Some time later, Ewing has escaped the scandal unscathed.

== Development and publication ==

US first edition cover, with the pseudonym David Griffin

The Wrong People is based in part on Maugham's real-life efforts to expose the African sex trafficking trade. He wrote his first notes for the book in 1958. According to William Lawrence, Maugham's partner until his death and trustee of his estate, Maugham's uncle, writer W. Somerset Maugham, read the manuscript and commented, "They will kill you."

The novel's frank depiction of pederasty and sex trafficking were considered so scandalous that United States-based Paperback Library initially published it under the pseudonym David Griffin. It was Maugham's first explicitly gay-themed novel, and though critically praised, was also controversial because homosexuality was still illegal in Britain for most of the 1960s.
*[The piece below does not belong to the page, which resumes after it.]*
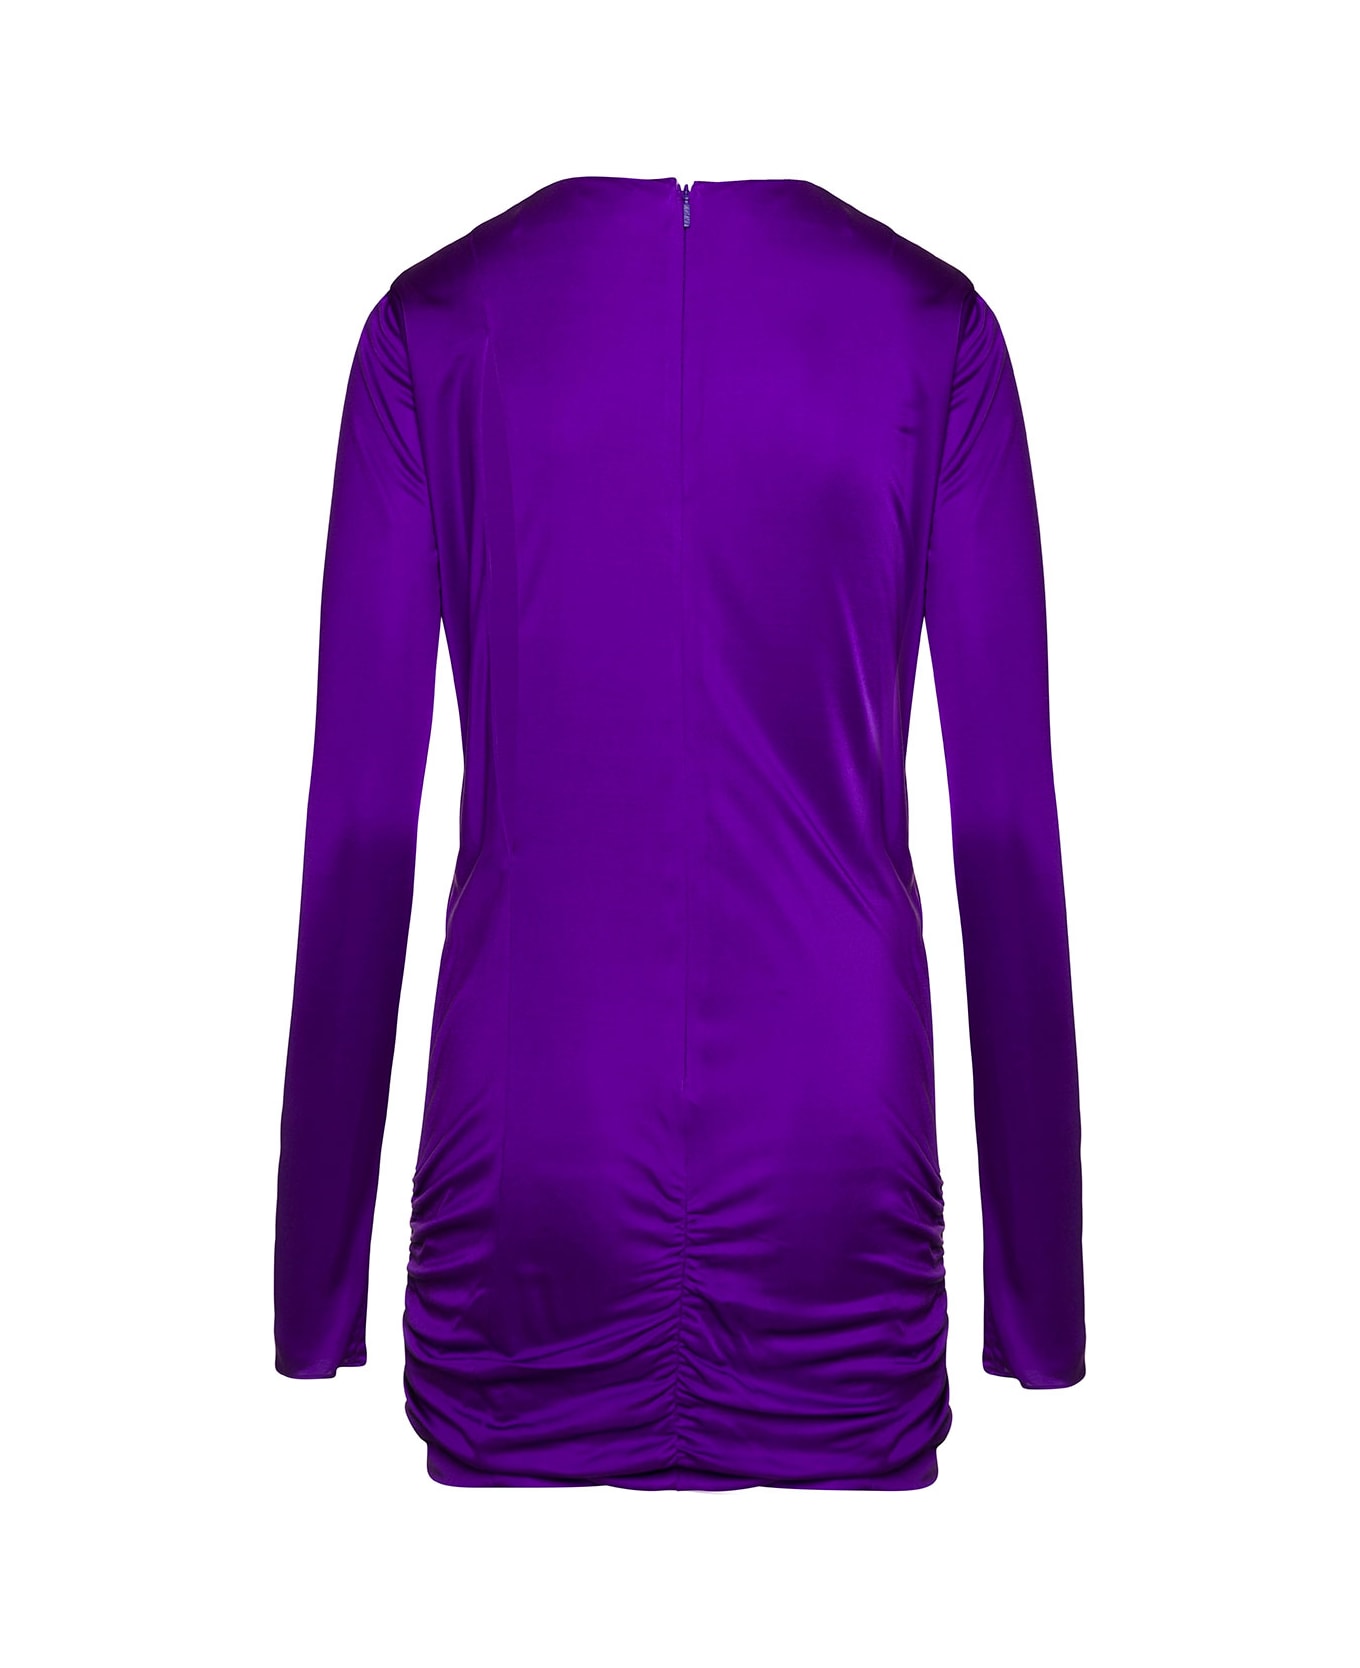 Versace Purple Minidress With Cut-out Detailing Satin Effect In Viscose Woman - Violet

Homosexual acts were partially decriminalised in England and Wales by the Sexual Offences Act 1967. The Wrong People was reprinted under Maugham's name in 1970 by Heinemann, by McGraw-Hill in 1970, by Gay Men's Press in 1986 as part of their Gay Modern Classics series, and by Valancourt Books in 2019.

== Potential adaptations ==
Maugham wrote a screenplay for a film adaptation of The Wrong People, which was optioned by actor Sal Mineo as a potential directing vehicle but never filmed. In 2019, Peccadillo Pictures optioned the novel for a potential film adaptation written and directed by British screenwriter David McGillivray. McGillivray, inspired to tackle the project after reading a biography of Mineo, said "Maugham created a moral dilemma in 1967. He handled it brilliantly, but the subject was so taboo that a film was out of the question. Now, because we're so aware of what's been covered up for years, I want to remind audiences of what this great writer said so long ago. And in addition to the issues raised, The Wrong People is also a superb suspense thriller."

== Reception ==
In 1971, Auberon Waugh of The New York Times called the novel "more honest" and "braver" than Maugham's previous works, but was surprised that it had an unhappy ending, an outdated hallmark of earlier gay literature.

Maugham's partner until his death, William Lawrence, wrote that Maugham's uncle, writer W. Somerset Maugham, described The Wrong People as "extremely well done", and that it was "the first book he'd read from beginning to end without putting it down in many years."